I even like the idea of dressing in costume, although I never get around to actually pulling it off. I like this costume, which I saw in a store window.
The real issue around here is our darn dogs. They launch into a frenzy of barking whenever the doorbell rings. For years, we suffered through Halloween night and a solid three hours of ringing and barking; barking and ringing. The occasional adorable bumblebee and a few pilfered Snickers snack size candy bars just didn’t make it worth it.
So, a few years ago Louise and I came up with our own tradition. As the sky darkens on Halloween night, we rove through the house turning off all the lights and pulling down the shades. We sneak upstairs or into a back room to eat our dinner in the dark. As the din dies down outside we might get brave and turn on the TV.
Last year on Halloween I was at the end of My Month of Hundreds. I remember not know what was coming next and feeling kind of panicky. I feel the end of 2011 looming now, but have some catching up to do and lots of giving ahead of me.
ANYWAY. I was somewhat concerned to see that there were Trick-or-Treaters out already as I was coming home from work around 5:30. If I didn’t get home before the onslaught began I would be in big trouble.

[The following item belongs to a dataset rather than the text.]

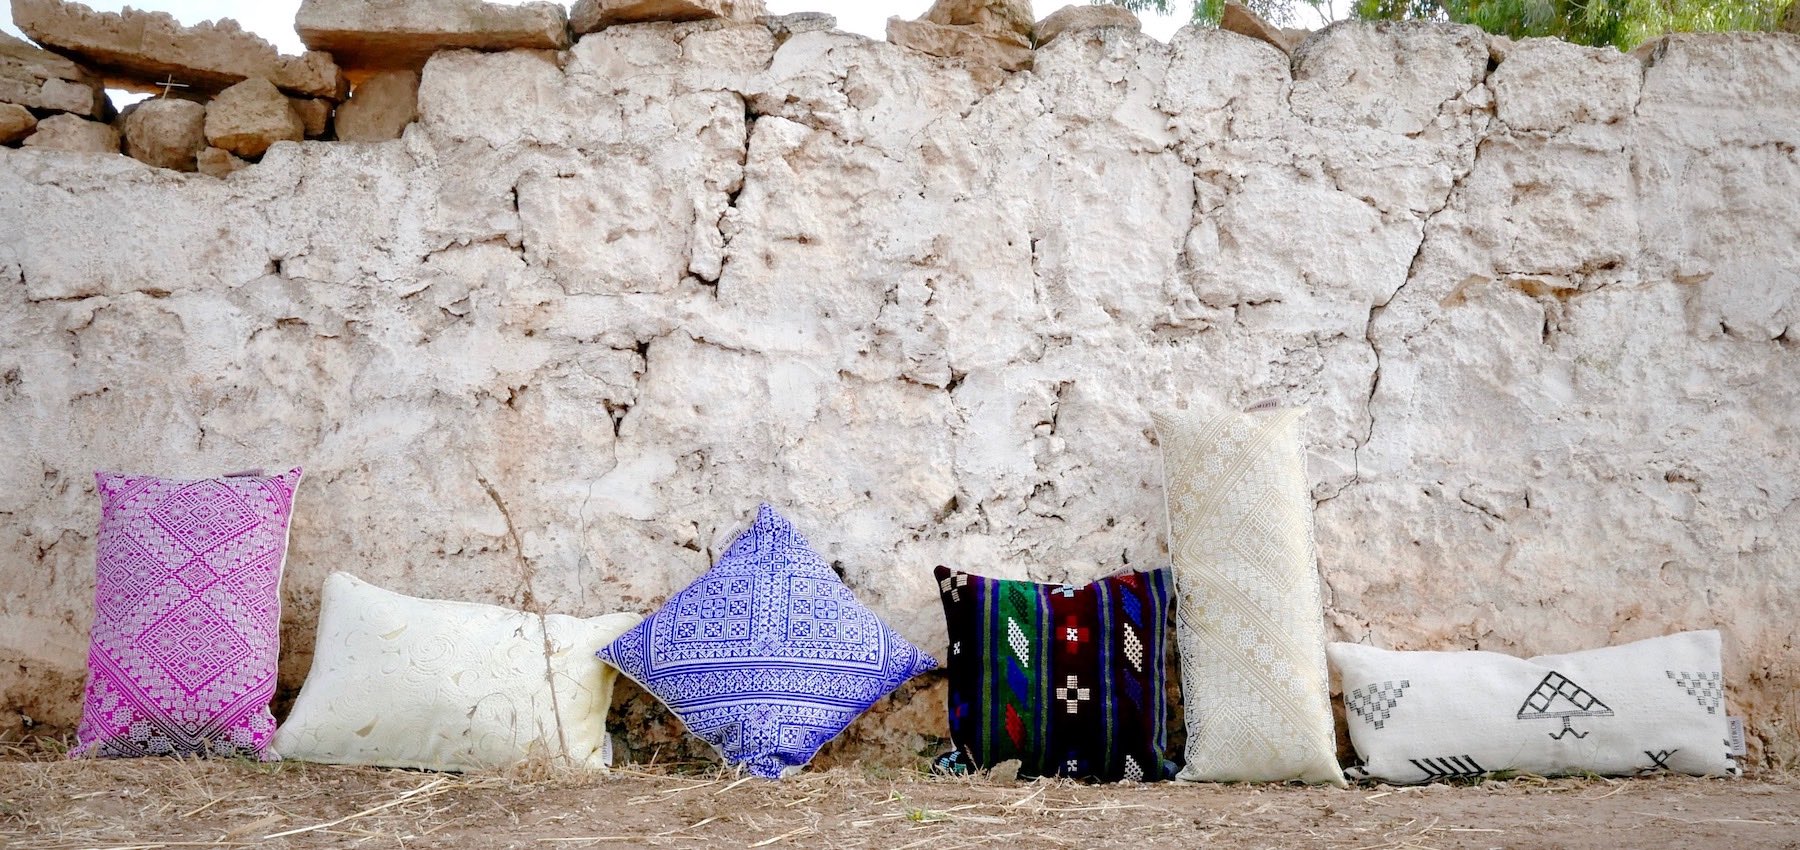 Six decorative Moroccan pillows in front of a stone wall.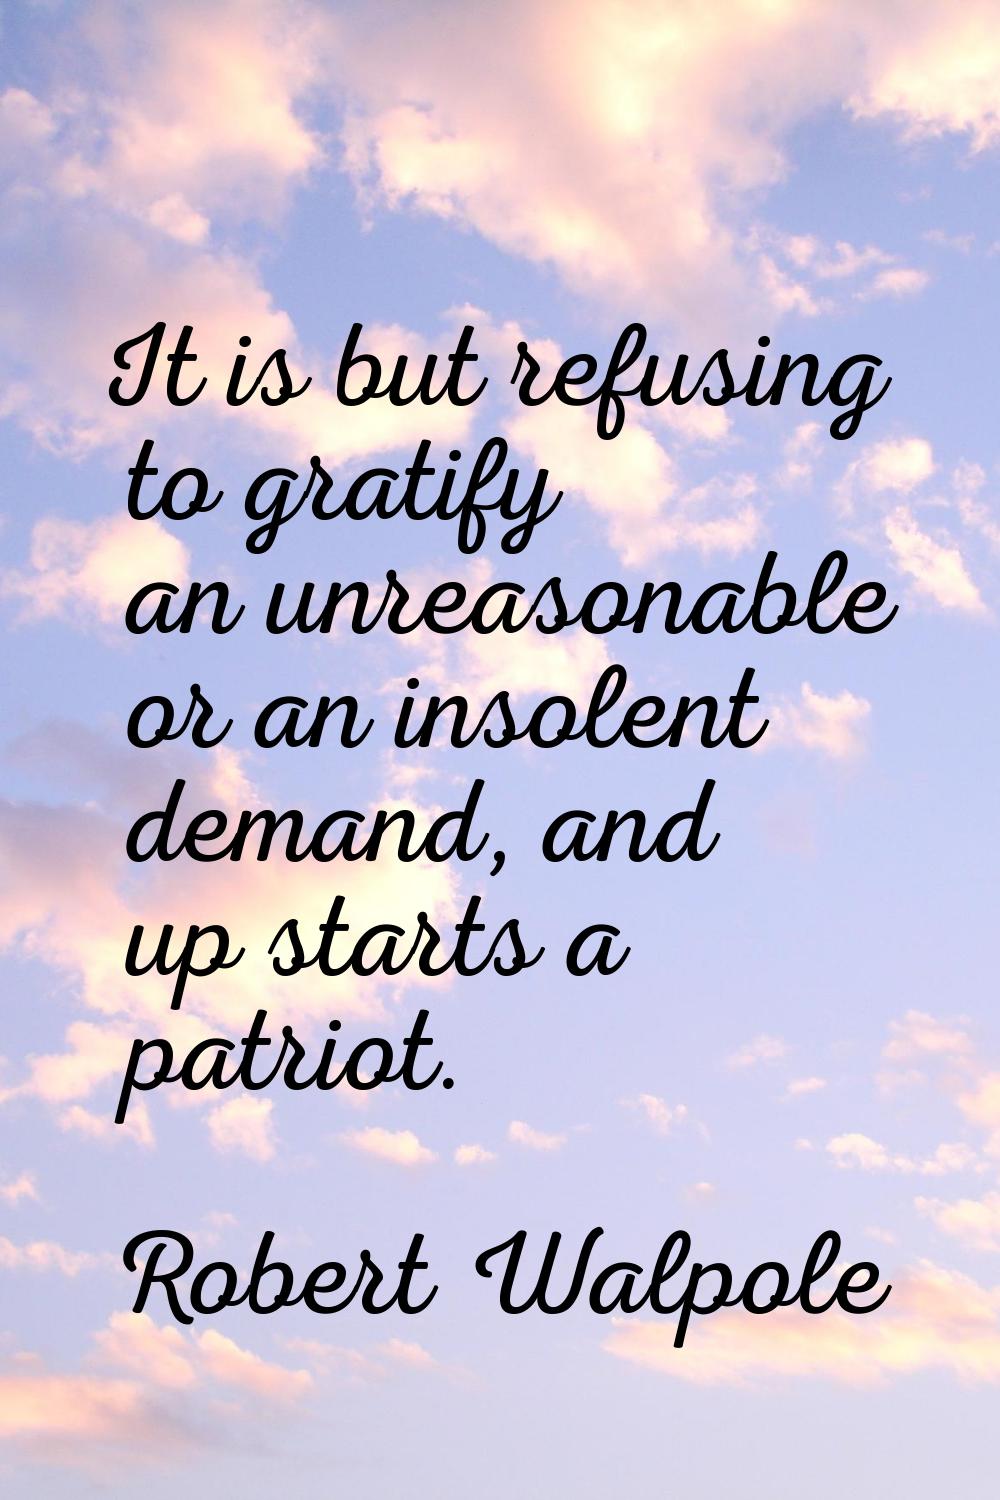 It is but refusing to gratify an unreasonable or an insolent demand, and up starts a patriot.

I was headed west on Weidler and stopped at a red light. I was right in front of the bus stop where I met Taylor in March. There was a woman sitting by herself on the bench, a colorful knitted cap on her head. She saw me looking at her and our eyes met for a second. I spotted a parking space around the corner and, on impulse, pulled into it. I grabbed a hundred from my wallet, stuffed it in my pocket and jumped out of the car.
“I like your hat!” I announced. “Did someone make it for you?” The woman looked at me unsmilingly, then nodded. “Yes, my mother made it,” she said. The words just bubbled up out of me. “I love the colors! It looks great on you!” Sheesh. She wasn’t too impressed and just stared at me.
I plunged onward and told the woman I had something I wanted to give her. “You want to give me something,” she pondered skeptically. “What is it?”
I told her I was honoring my mother by passing on a gift she had given to me when she died. “What is it?” she asked again. I handed her the hundred and she shook her head, smiling. She said “thank you”, then thought for a minute. “You know what that is?” she asked. “That’s God.”
She said her name was Lisa and we talked for a few minutes while she waited for the bus. She said she had been unsure about what I was after. “It is Halloween, you know,” she reminded me.
“This is kind of amazing,” she said. She told me that she and a friend from church had been talking about going to a retreat together. “I just told her I would figure out the funding so we could go.” She patted her pocket. “This is it! We’re going!”
I told her about the blog and she said I could take her picture. The bus pulled up and she posed while the driver waited. As she got on the bus I heard her say, “He never ceases to amaze me.”
I waved as the bus pulled away but I don’t think Lisa was watching.